Information provided ▸
********

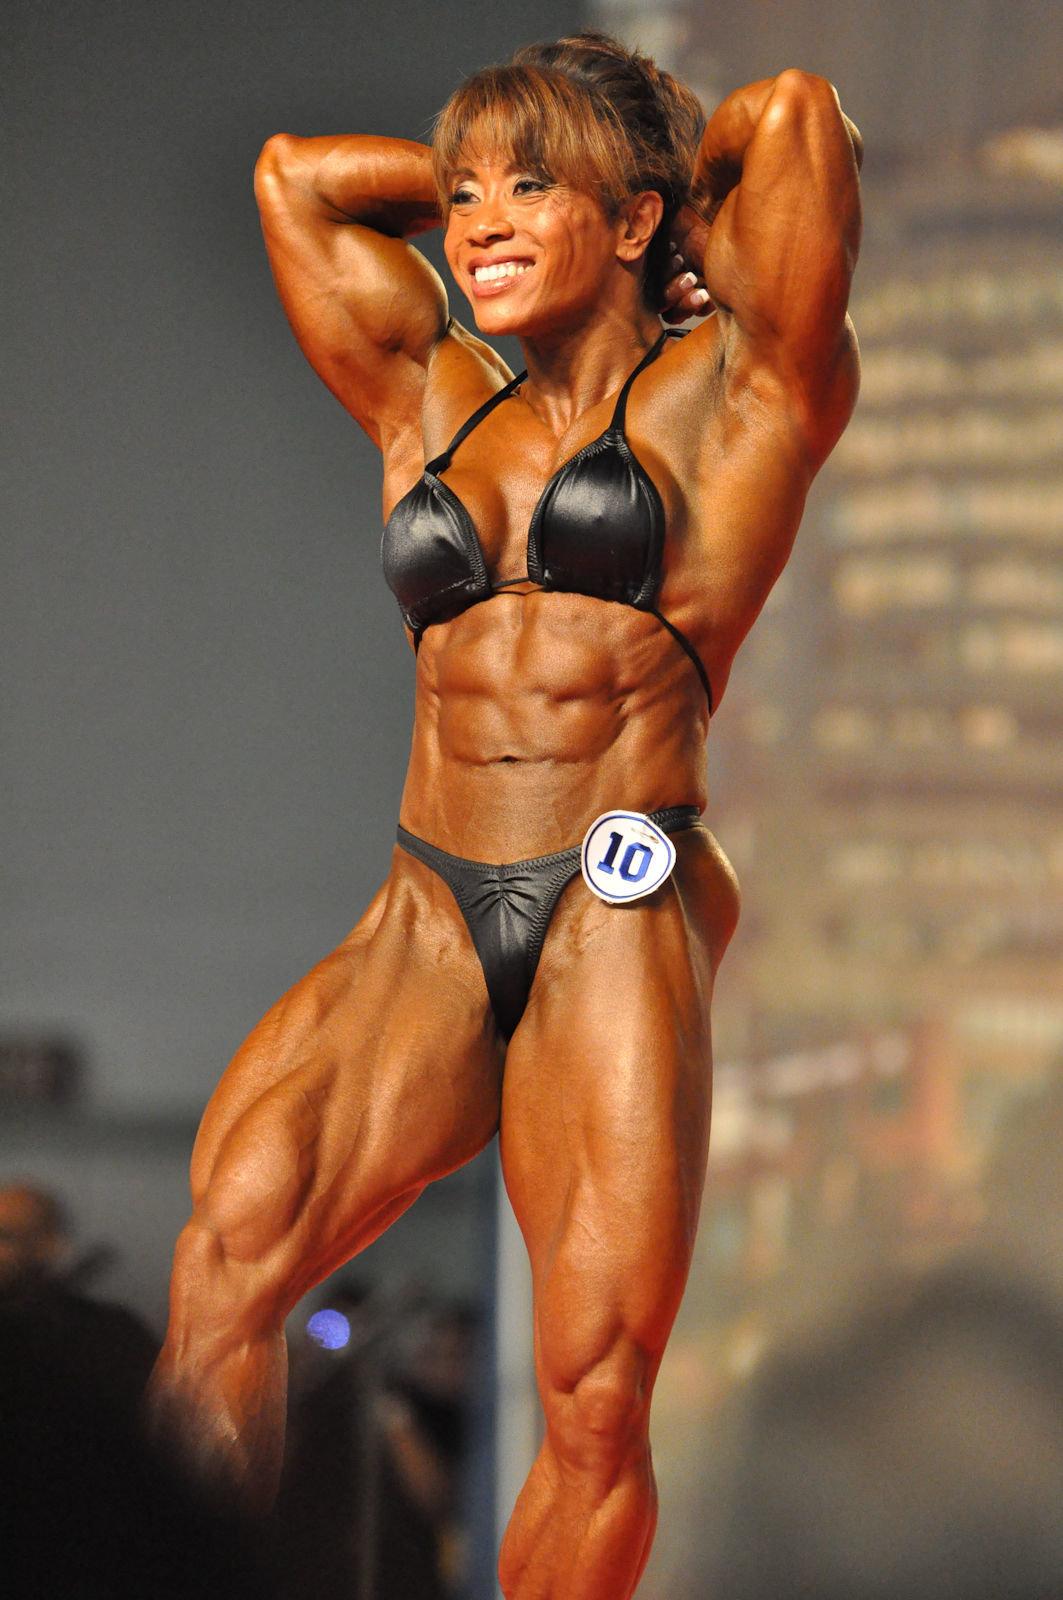 Mothers pictures senior female bodybuilders hop
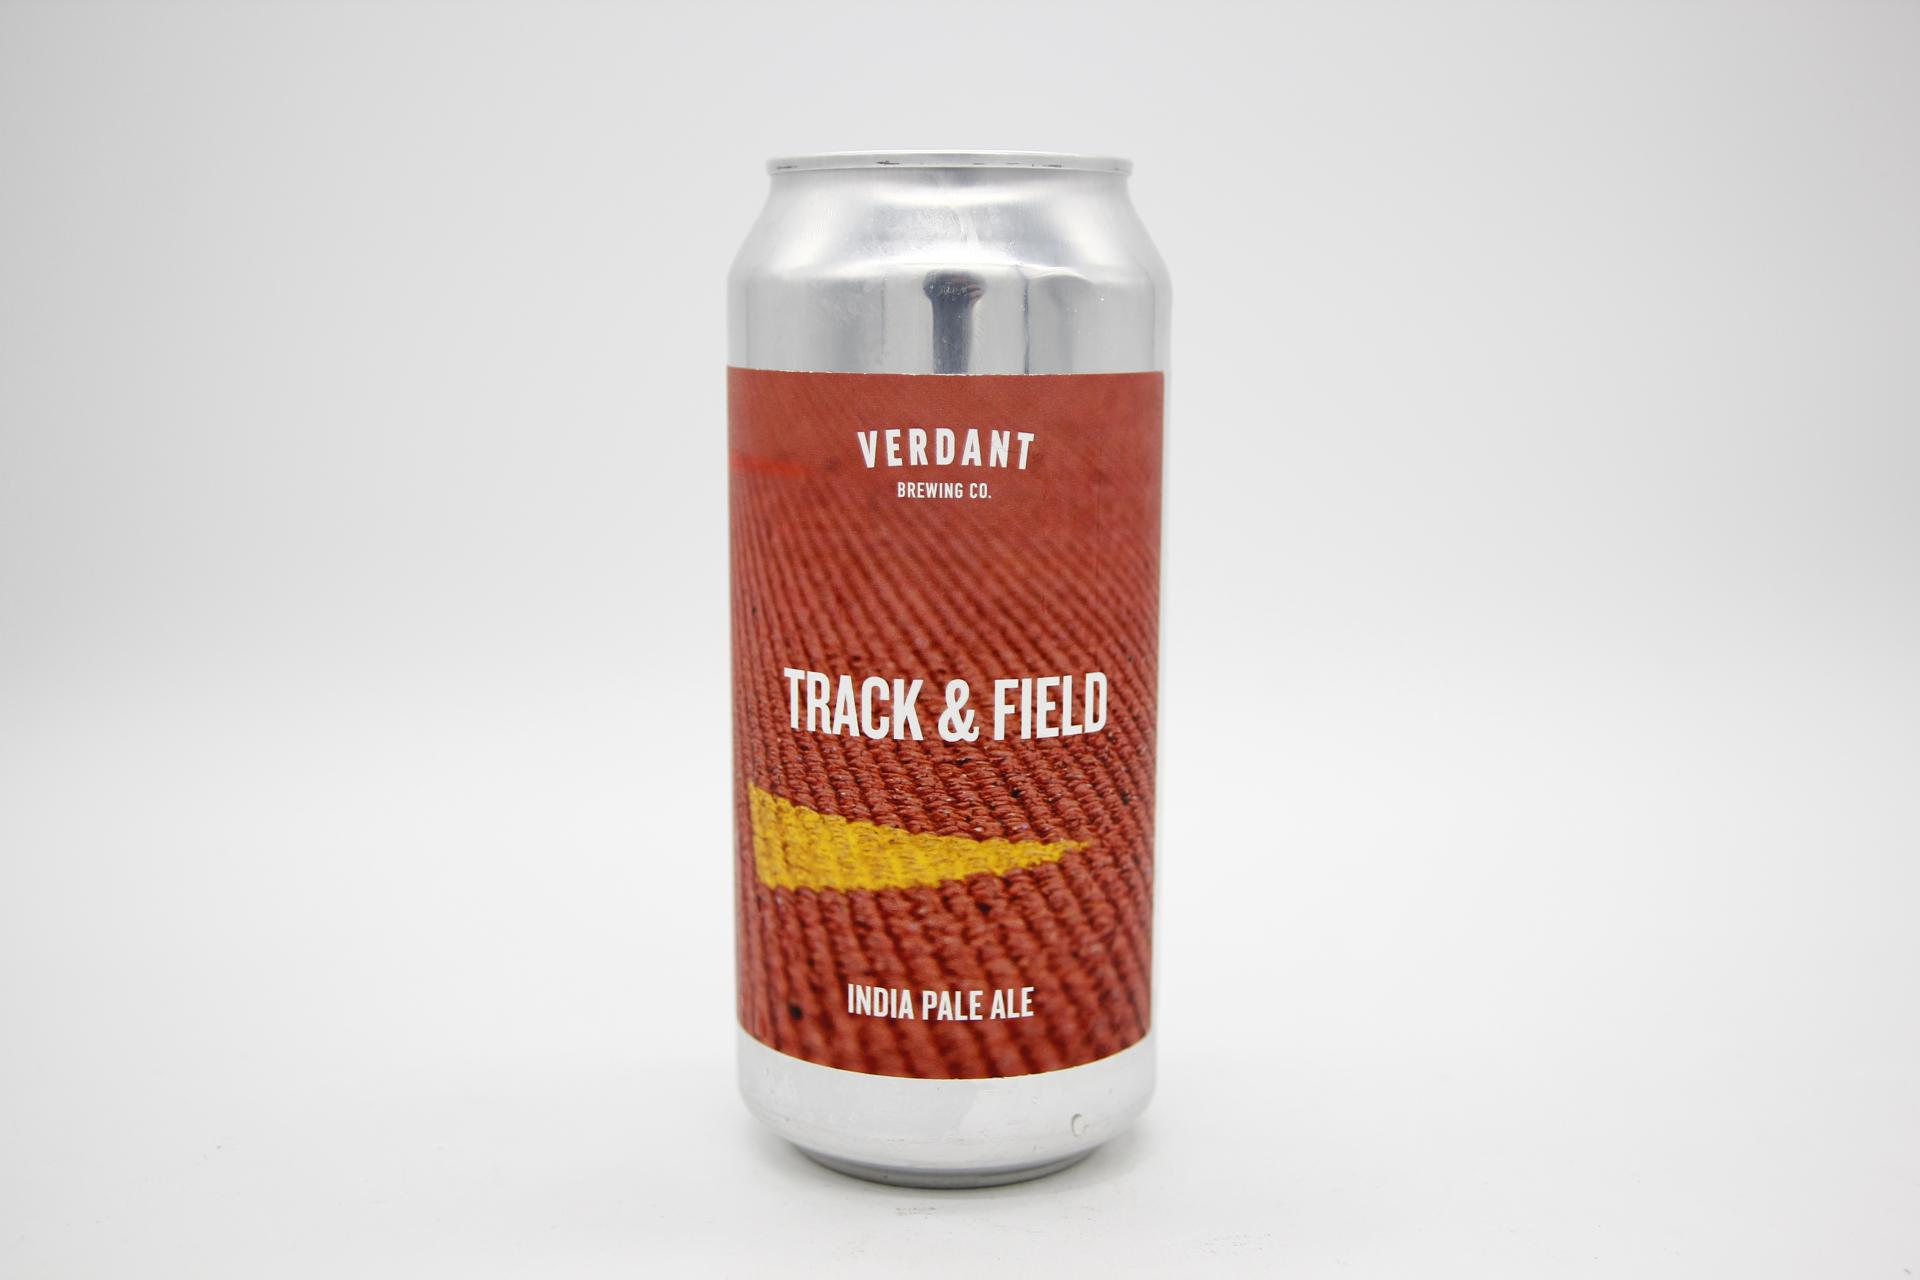 VERDANT - TRACK & FIELD 44cl
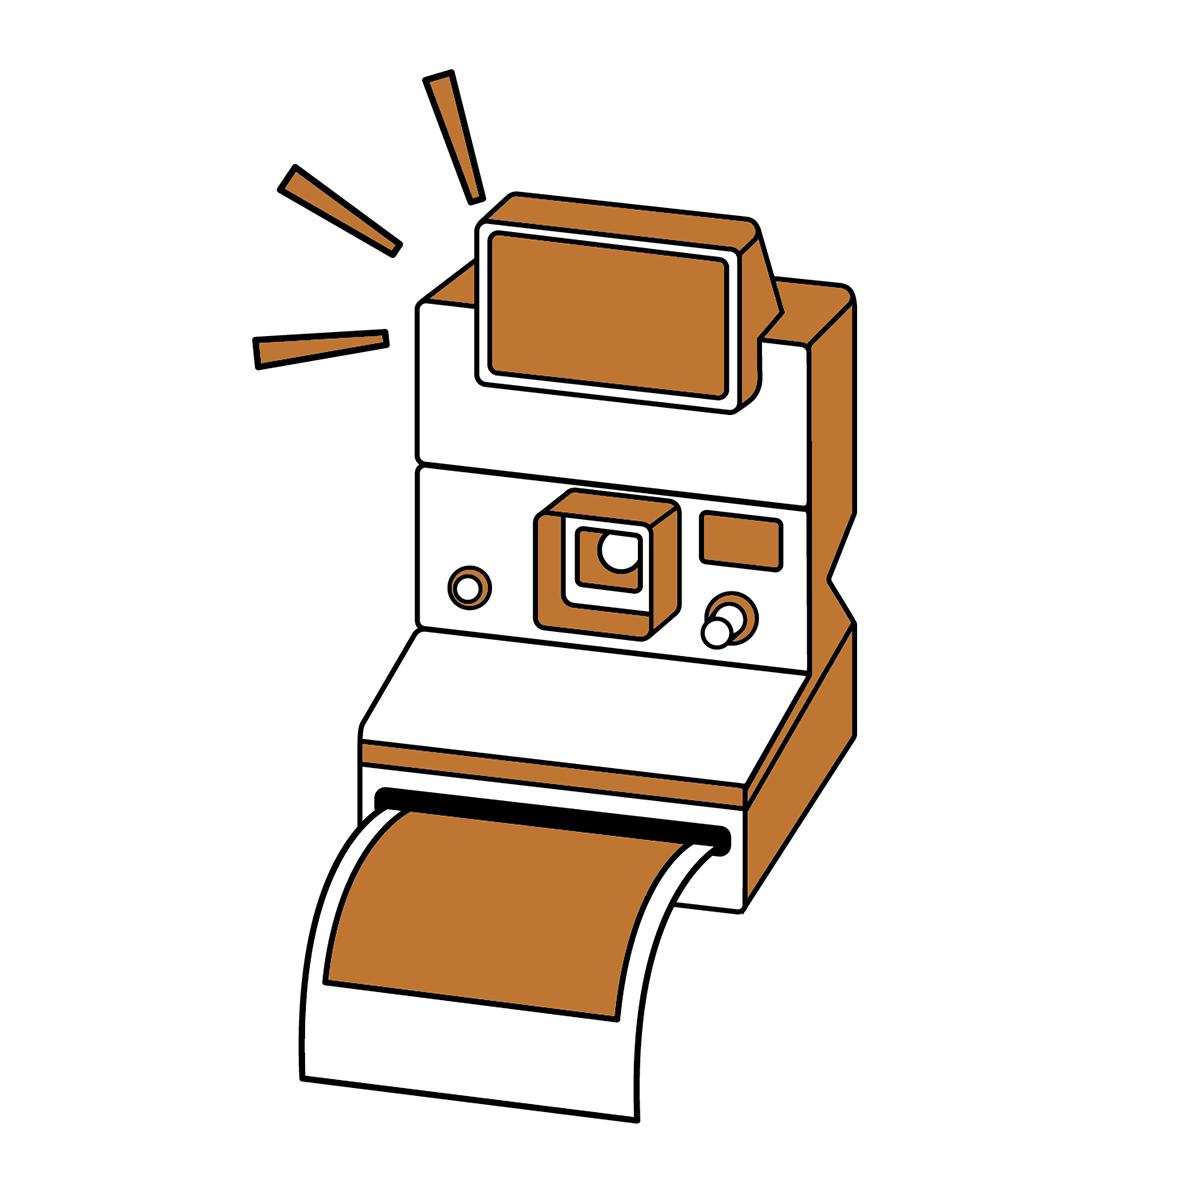 TAM87032 - Maskeringsteip med dispenser, 18 mm

********

Task description ▸
Transcribe the full listing exactly, but keep every image out of it.

Result for this task ▸
 Mothers pictures senior female bodybuilders hop
 VERDANT - TRACK & FIELD 44cl
 TAM87032 - Maskeringsteip med dispenser, 18 mm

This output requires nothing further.